§ EXERCISE BRIEF: Taking the listing below, restate word for word each line from the line with "Kyoukai Senjou no" to the line with "2 Bookshelves", ends included, and stop there.

§ PROVIDED RECORDS:
BEGIN

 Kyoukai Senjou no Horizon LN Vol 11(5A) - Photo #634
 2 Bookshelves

END
BEGIN

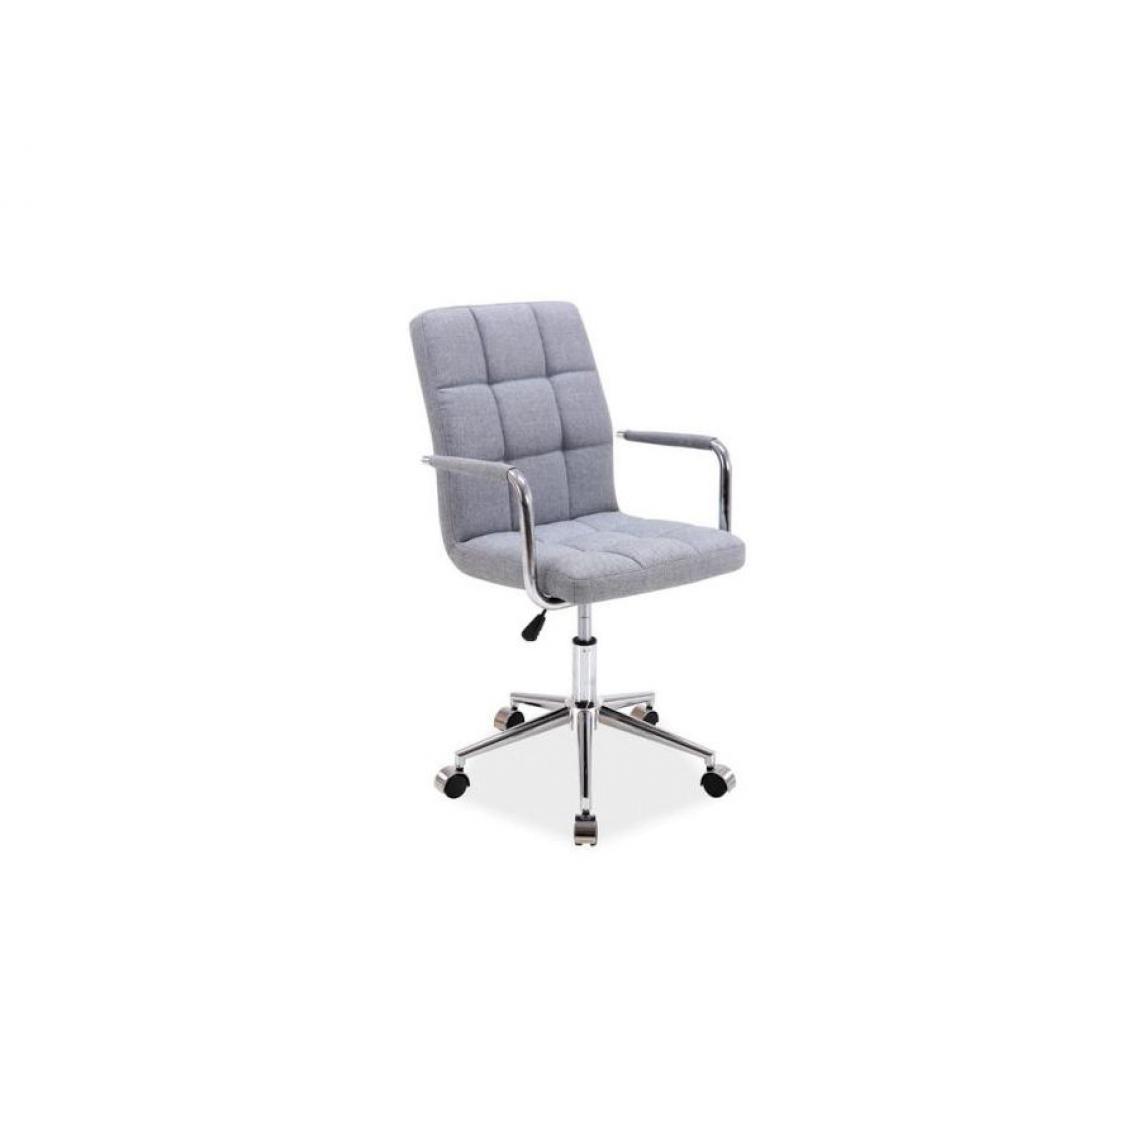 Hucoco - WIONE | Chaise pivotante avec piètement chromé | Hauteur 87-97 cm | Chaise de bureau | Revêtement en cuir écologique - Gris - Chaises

END
BEGIN

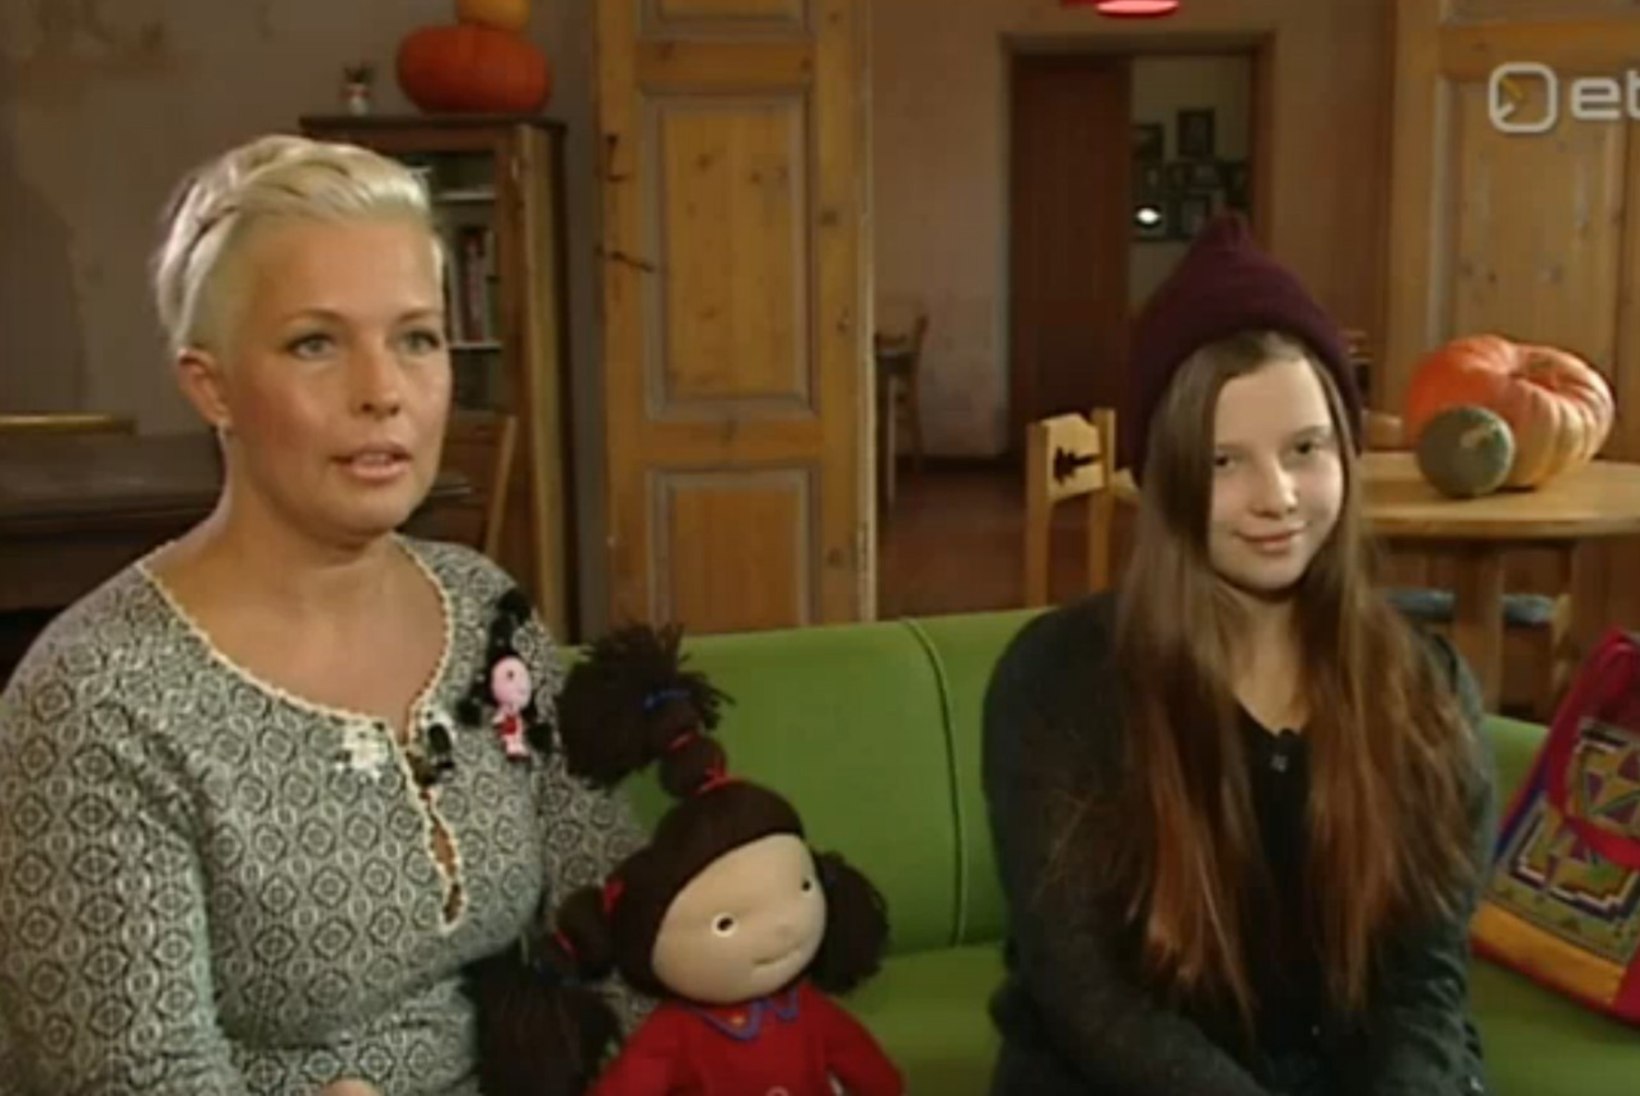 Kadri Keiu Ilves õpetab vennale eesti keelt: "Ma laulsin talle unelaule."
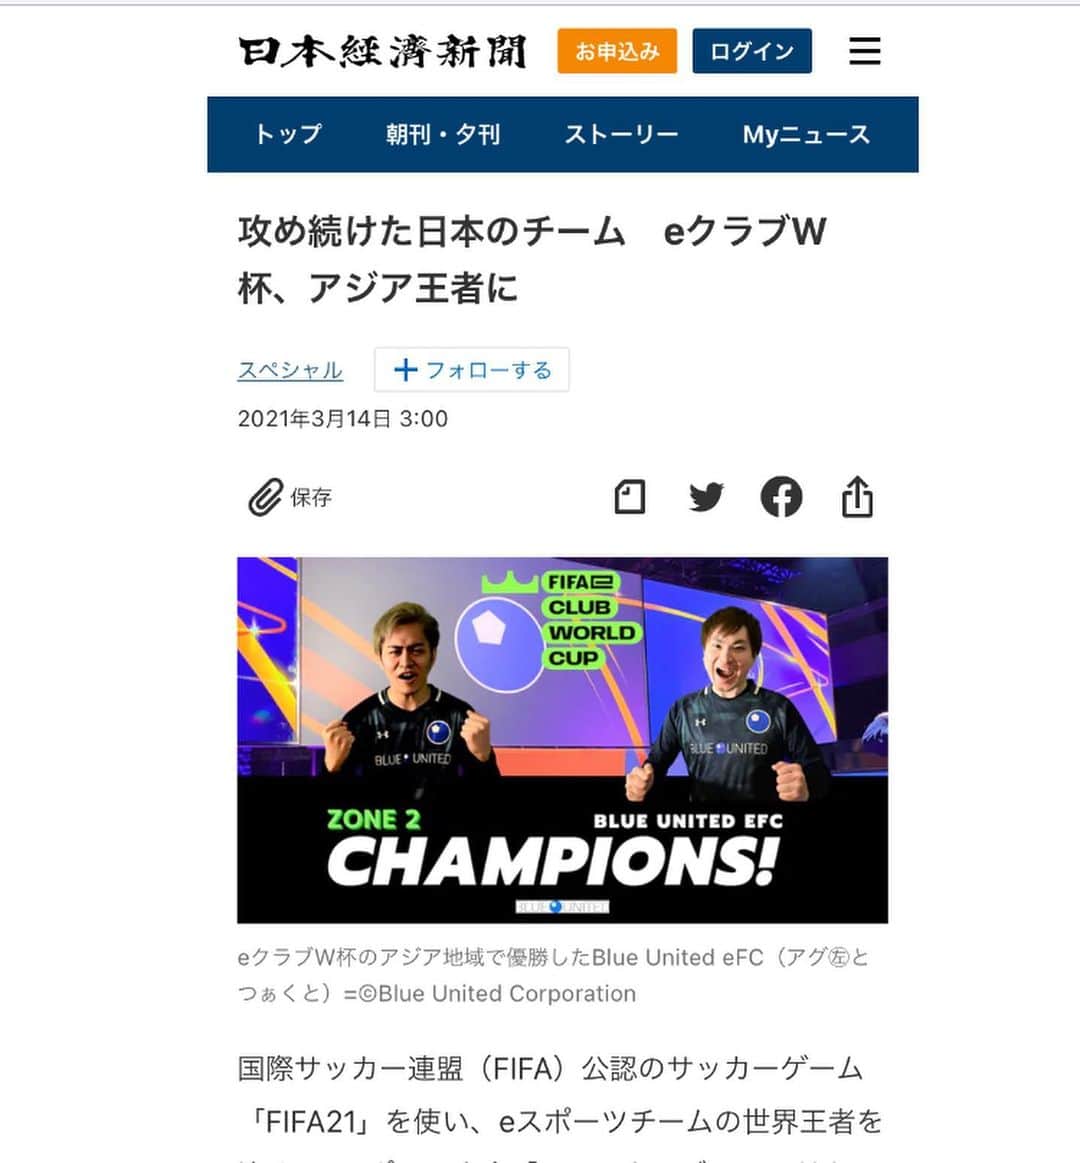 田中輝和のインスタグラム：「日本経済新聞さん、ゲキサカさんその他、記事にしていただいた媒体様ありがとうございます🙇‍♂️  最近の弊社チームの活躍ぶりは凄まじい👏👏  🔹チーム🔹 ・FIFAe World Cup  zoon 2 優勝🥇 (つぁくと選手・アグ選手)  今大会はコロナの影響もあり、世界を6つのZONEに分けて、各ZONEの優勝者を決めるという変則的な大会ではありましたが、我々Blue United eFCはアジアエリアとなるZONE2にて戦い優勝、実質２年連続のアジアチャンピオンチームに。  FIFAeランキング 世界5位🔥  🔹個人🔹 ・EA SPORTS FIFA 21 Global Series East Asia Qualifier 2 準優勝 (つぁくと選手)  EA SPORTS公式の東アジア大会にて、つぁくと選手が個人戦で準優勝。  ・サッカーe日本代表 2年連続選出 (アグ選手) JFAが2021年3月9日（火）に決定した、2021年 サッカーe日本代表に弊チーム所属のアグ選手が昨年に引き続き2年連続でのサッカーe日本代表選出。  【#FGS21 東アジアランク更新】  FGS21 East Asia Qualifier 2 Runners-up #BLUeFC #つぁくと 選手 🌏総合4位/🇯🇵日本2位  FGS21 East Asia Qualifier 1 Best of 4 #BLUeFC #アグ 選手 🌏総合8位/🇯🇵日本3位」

END

§ YOUR RESPONSE:
 Kyoukai Senjou no Horizon LN Vol 11(5A) - Photo #634
 2 Bookshelves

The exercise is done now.